Está, neste momento, com uma encenação em um Sesc de São Paulo, lugar muito popular da cidade, frequentado por todo tipo de gente. Ali, exerce o papel de mulher poderosa – porque de fato é uma – e talvez alguns ainda acreditem nela, embora tema que sejam apenas os recém-chegados e alguns desinformados. “Eu disse”, deve estar pensando um amigo que não ficou convencido com sua performance The Artist is Present. De fato, entre março e maio de 2010, no MOMA de Nova York, Abramović propôs uma exposição que, além da cena hall, que consistia na artista sentada durante horas em silêncio diante de diferentes espectadores que a observavam e com os quais não podia falar nem gesticular, “representava” alguns de seus trabalhos clássicos. É possível que a performer – que comentou como durante o trabalho decidiu permanecer sempre em silêncio para não perder a concentração, auxiliada por nutricionistas e fisioterapeutas, por causa do esforço físico e psicológico – já havia começado a percorrer o triste caminho rumo ao estrelato, mas naquela peça ainda não tinha percebido. Ou não quis perceber. Era doloroso demais observar como o maravilhoso despojamento daquela artista exemplar havia se diluído em um rosto retocado e em roupas de alta costura próprias do tapete vermelho de Los Angeles.

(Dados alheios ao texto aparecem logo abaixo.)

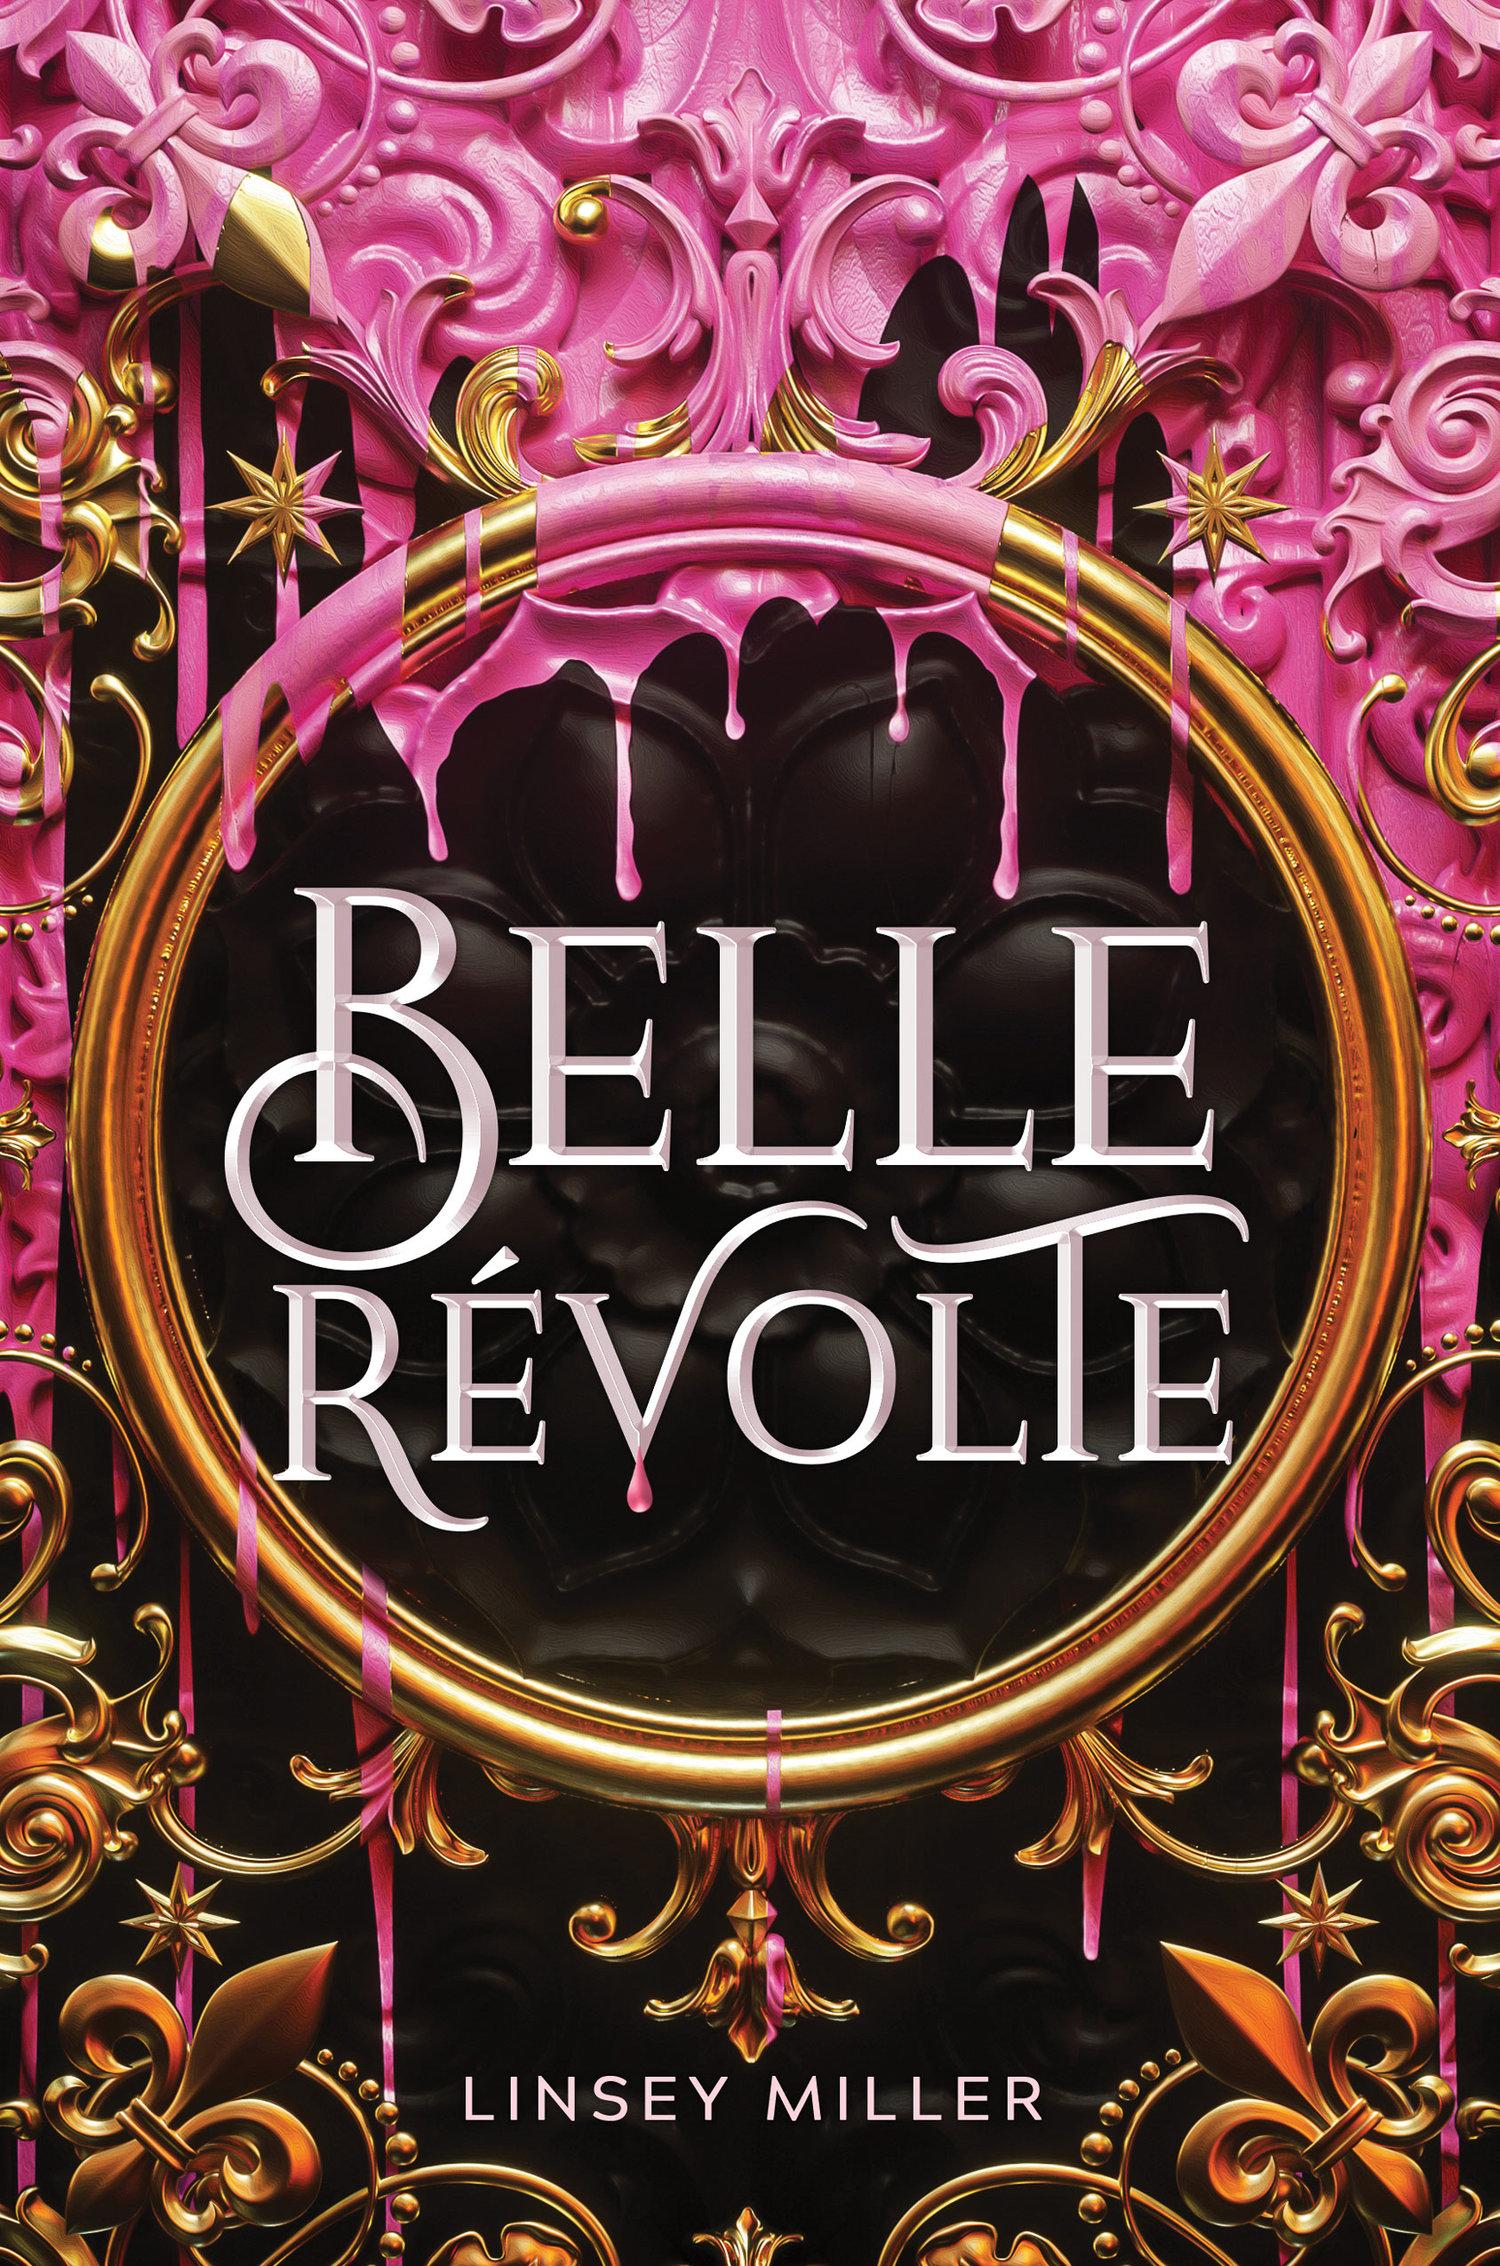 Belle Revolte - Linsey Miller

Meu amigo, então, chamou a minha atenção para outro fato: em uma de suas performances clássicas, Imponderabilia, de 1977, na qual o espectador tinha que passar entre dois corpos nus, o espaço de trânsito era maior que o original. Brincamos, ainda me lembro, pensando se não se tratava de um efeito do puritanismo americano ou até da atual obsessão por higiene. Chegamos até a pensar que era uma sensação nossa tantos anos mais tarde: já não impressionava nada dois corpos nus, mesmo que fôssemos obrigados a tocá-los.
É verdade que a carreira de Abramović já dura muitos anos – e muito botox -, mas não deixa de ser uma pena que algo tão fundamental como seus primeiros trabalhos tenham sido banalizados de uma forma tão irremediável. Estava claro na encenação do Teatro Real de Madrid, Vida e morte de Marina Abramović, na qual tudo era estupendo, menos ela. Como me custou aceitar isso. Sic transit...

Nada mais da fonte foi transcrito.